Knowledgeable Lutherans are *adamant* that they are monergistic on the question of salvation. They also insist on the deadness of man's will, and the necessity of faith. And they believe in baptismal regeneration. And they believe that God so implants faith by baptism, and that God saves those who have faith, and keeps them in the faith by the means of grace. They believe election is "in Christ," meaning that the only way to understand election is to view Christ as elect and believers in him, and not that "persons" are elect (hence, Rom.9 is more of a "corporate" discussion of election to them, and not individual). And they believe that people can lose their salvation. And they bel--... 

Whoops. What was that? How can God give a gift (faith, salvation) and take it back, based on something I do/fail to do (maintain, attend, ... ) ??!? And yet it's ALL what God does (monergism), his giving, his maintaining me, his gift of faith...

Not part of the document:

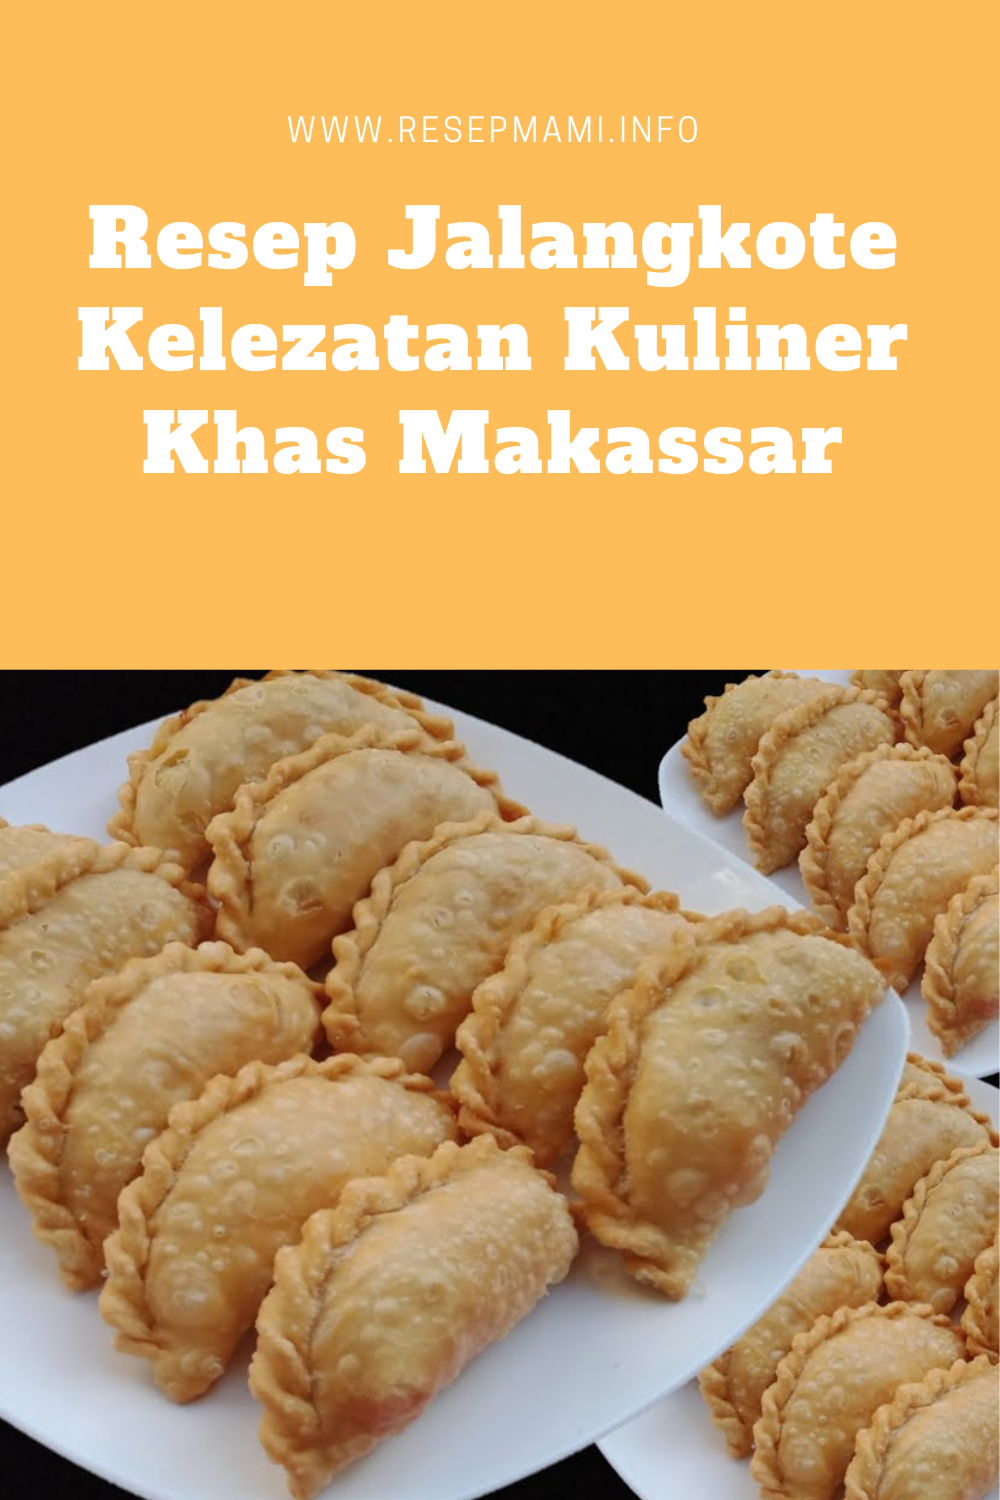 Resep Jalangkote Kelezatan Kuliner Khas Makassar

Reformed people see an irreconcilable inconsistency there, an inconsistency based on how WE read the data, and based on a presumptively shared Augustinian basis for our doctrine of election. We have to allow that the Lutherans do not accept that reckoning of an inconsistency. We have to understand that they are actually critical of Augustin at certain points. They tend to follow the softening of certain Augustinian tenets by the Council of Orange.

Do I think Lutheran's inject a strong human-dependent element into their "monergism" at this point? Absolutely, I do. But, to their credit, they allow that it is only a negative element, that sin and its power is the source. How does it happen that God alone gives salvation equally to all recipients (of his means), nevertheless salvation is dependent on me when I hold or fail to hold on to it; and yet this salvation is ascribed to God's power alone, "from beginning to end." Is it, or isn't it, we ask. Isn't God responsible for the strength and practice of my grip? And why mine, and not that guy's, if it hasn't to do with election?

And the Lutheran says, "It's a mystery. We just know you are wrong to say it is about pretemporal elect persons or not."

Reactions: Edifying 1


----------



## InSlaveryToChrist

Could it be possible that at some point in his late years Luther radically changed his own view of God's sovereignty, election, love and/or the Atonement from the theology he had AFTER he came to embrace salvation by faith alone?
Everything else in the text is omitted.